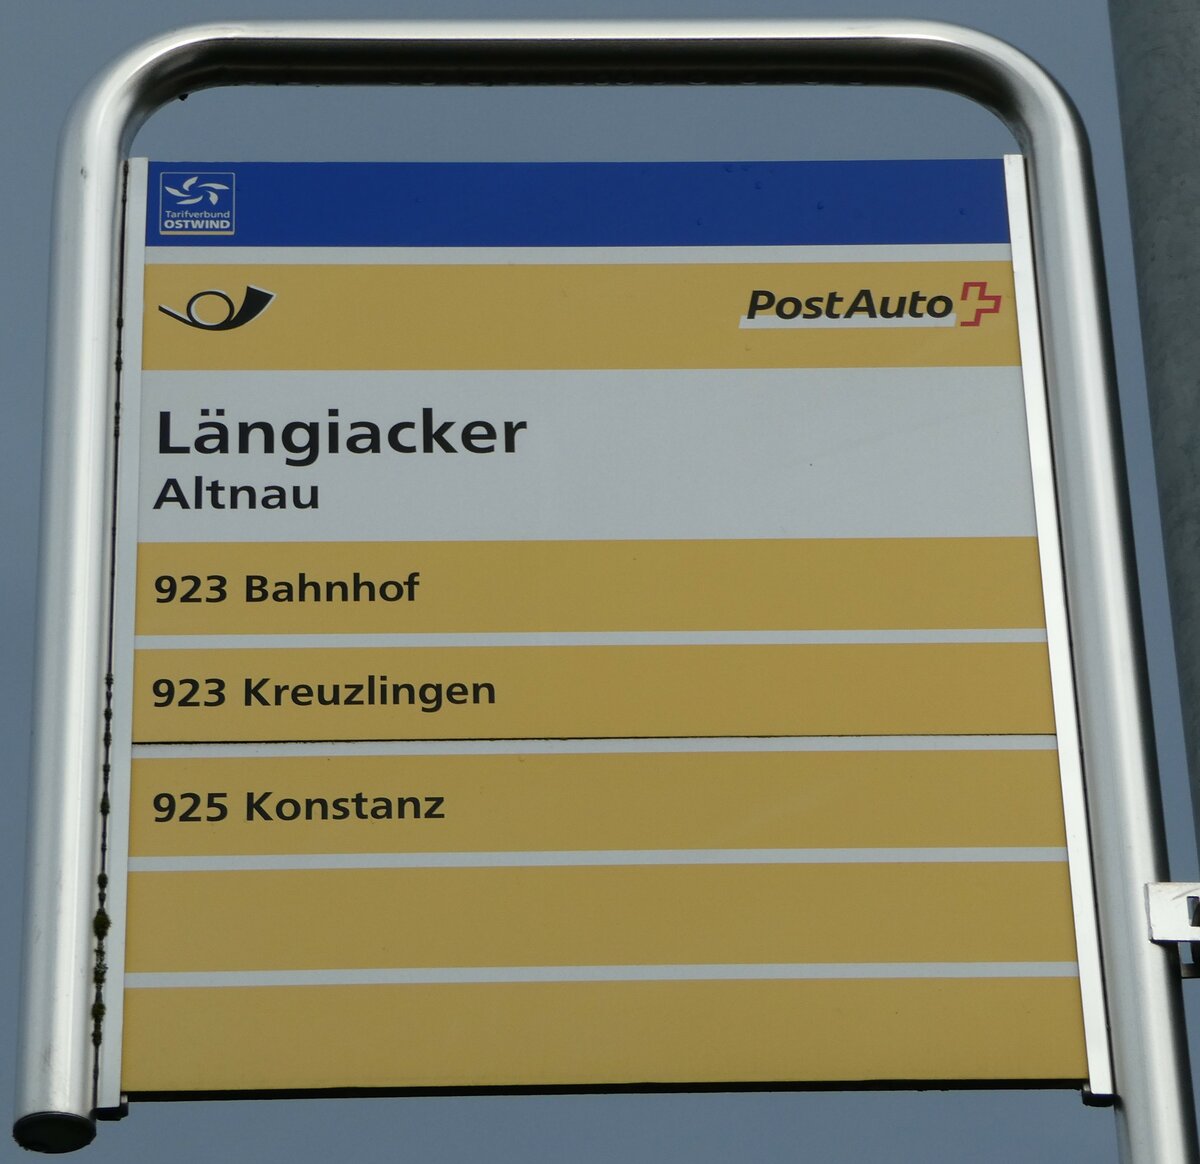 (244'086) - PostAuto-Haltestellenschild - Altnau, Lngiacker - am 21. Dezember 2022
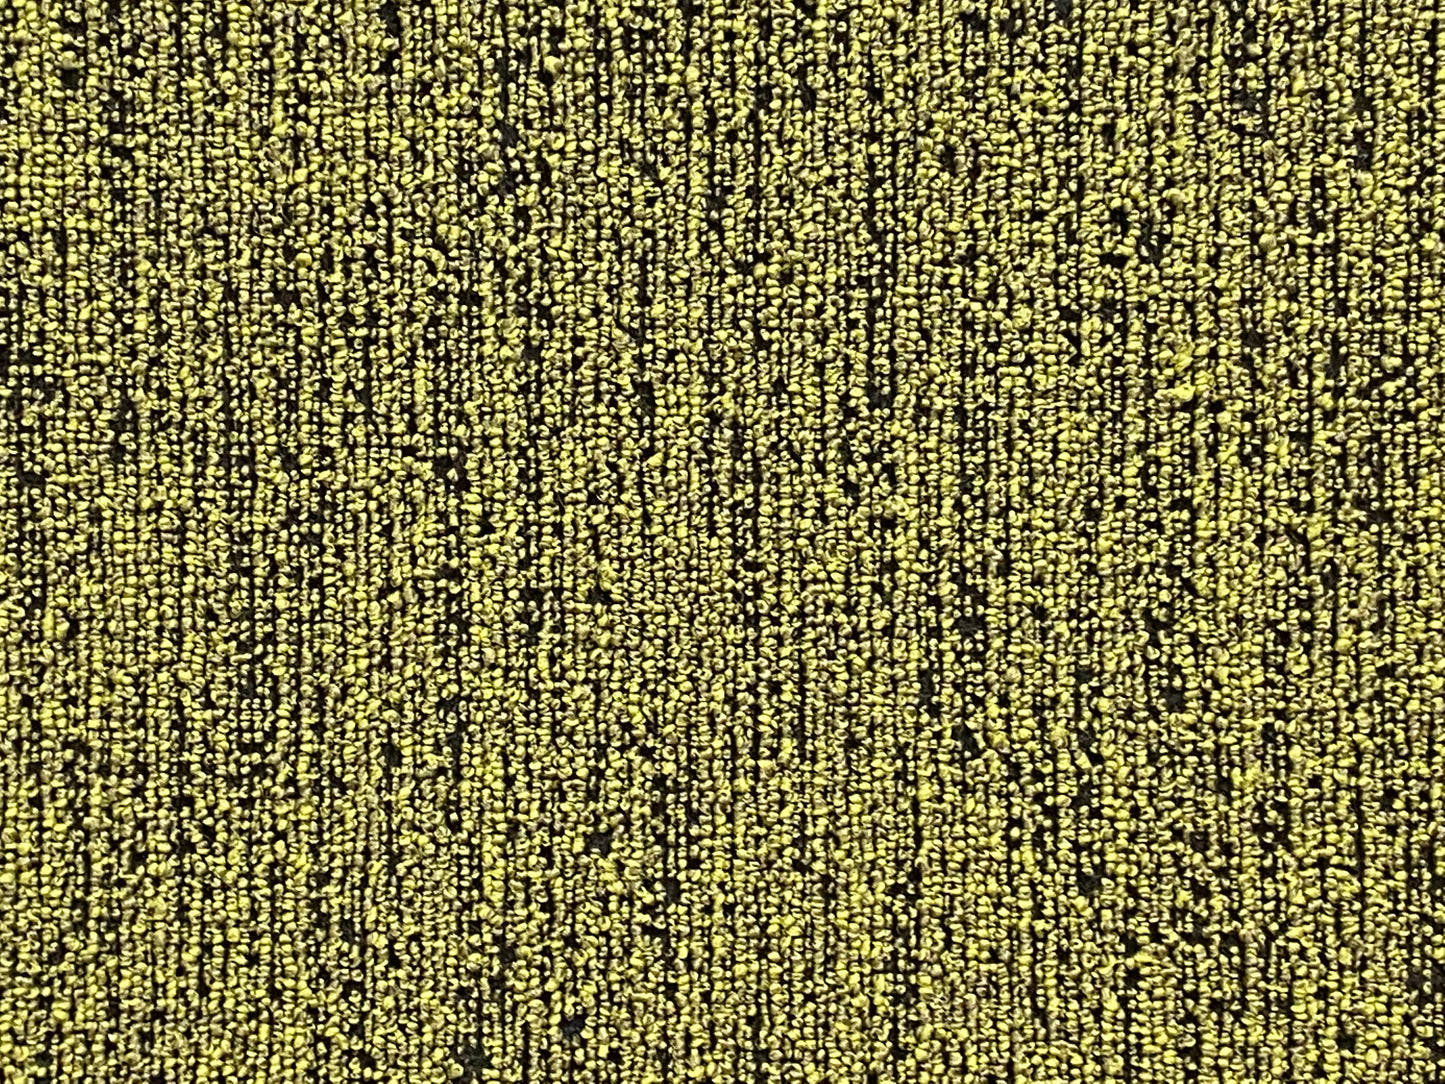 Shaw Yellow Green Carpet Tile-24"x 24"(12 Tiles/case, 48 sq. ft./case)
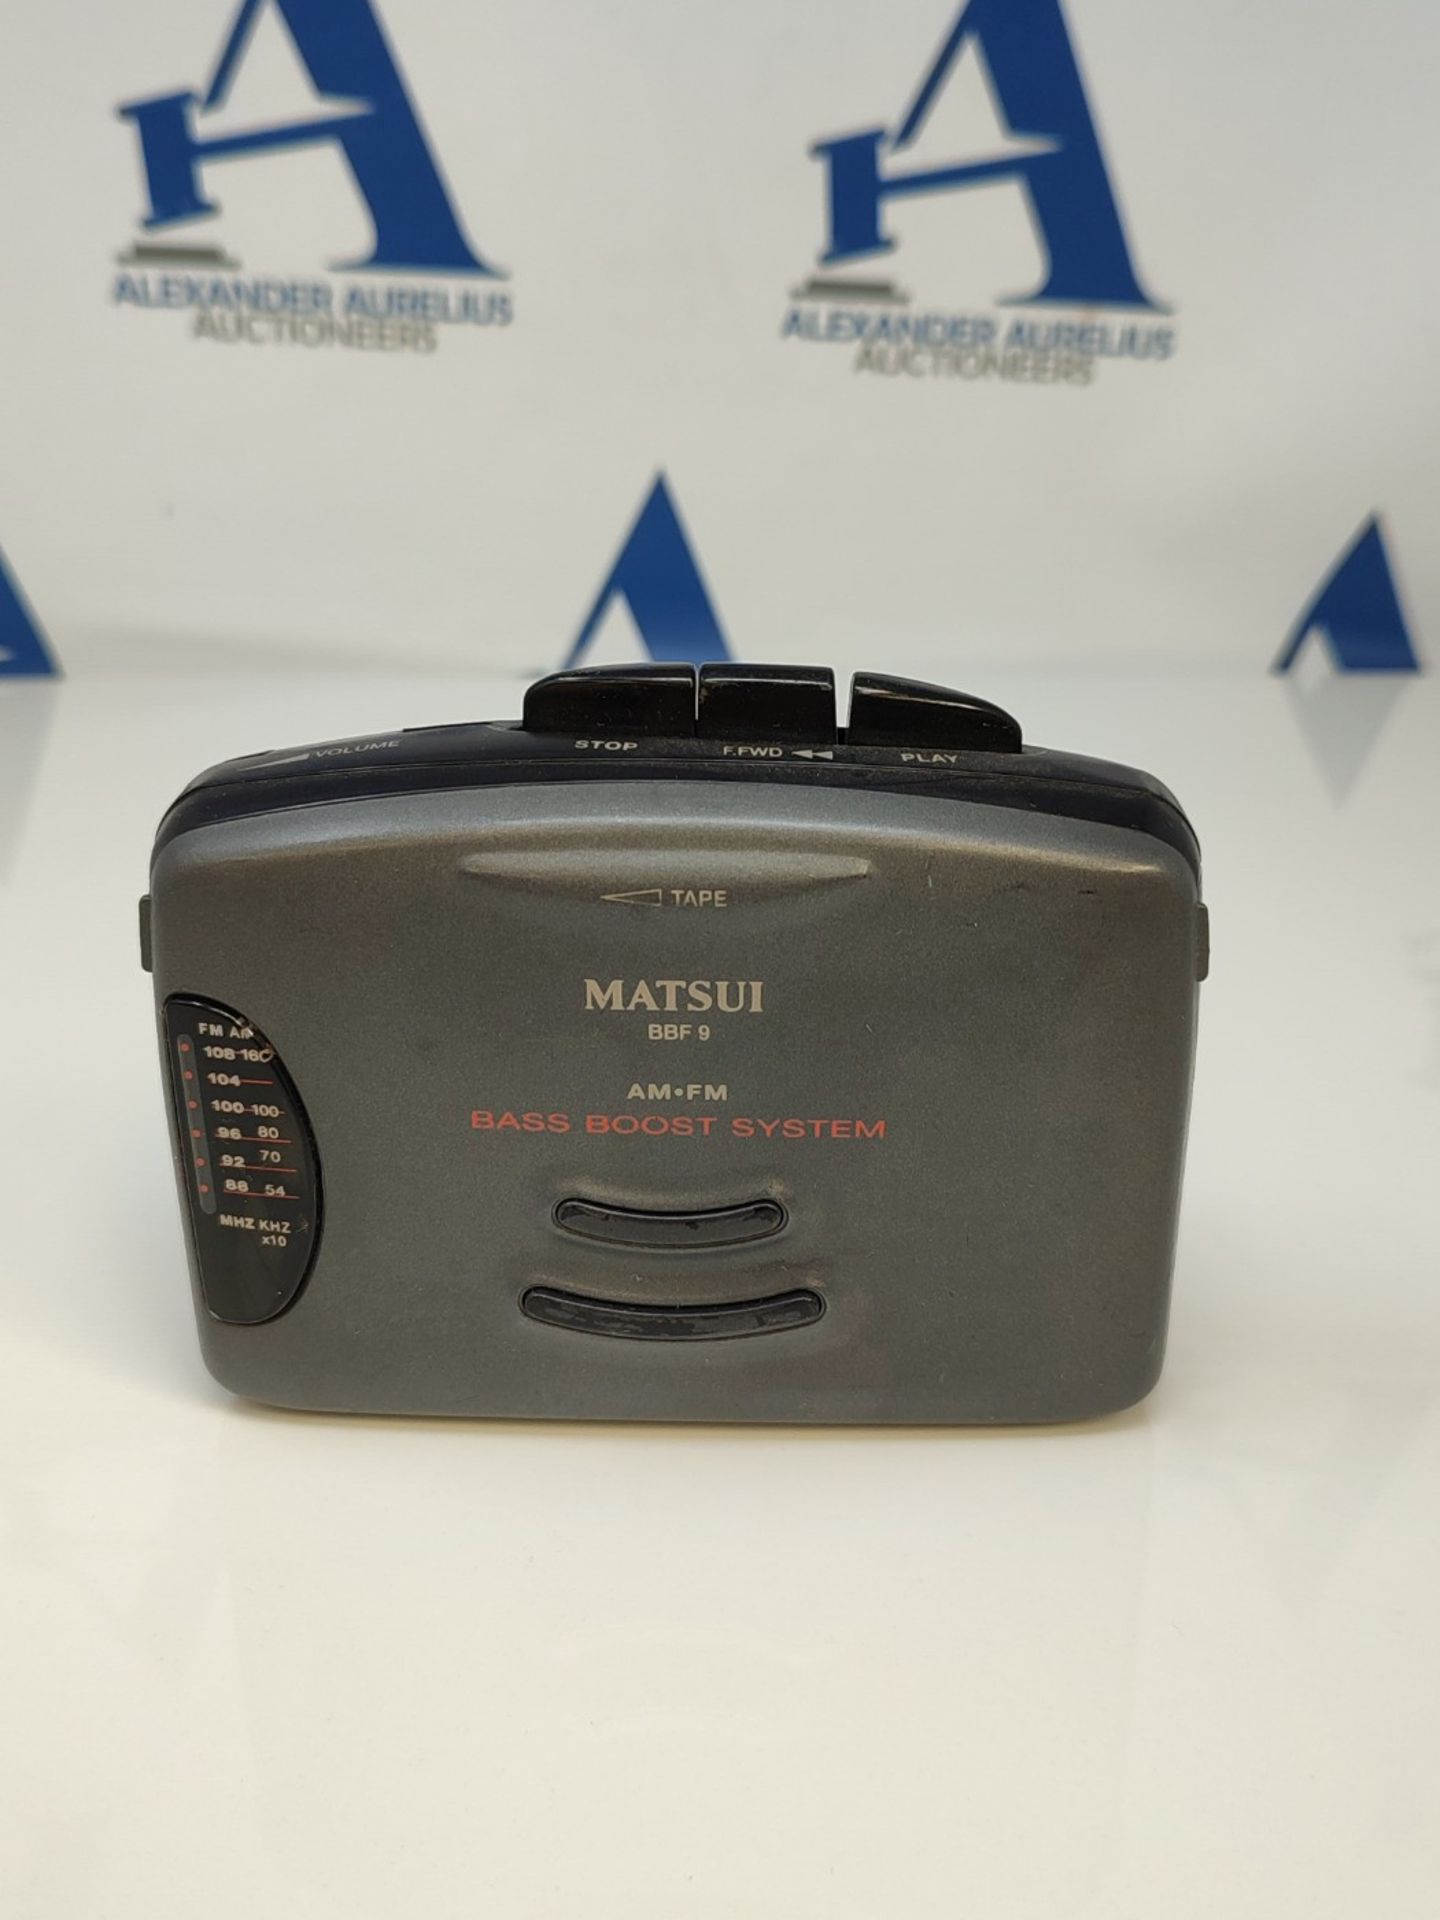 Matsui BBF9 AM/FM cassette player

**Requirement**
Retype the data word for word, please, and keep the images out.

**Exercise output**
 (244'086) - PostAuto-Haltestellenschild - Altnau, Lngiacker - am 21. Dezember 2022
 Shaw Yellow Green Carpet Tile-24"x 24"(12 Tiles/case, 48 sq. ft./case)
 Matsui BBF9 AM/FM cassette player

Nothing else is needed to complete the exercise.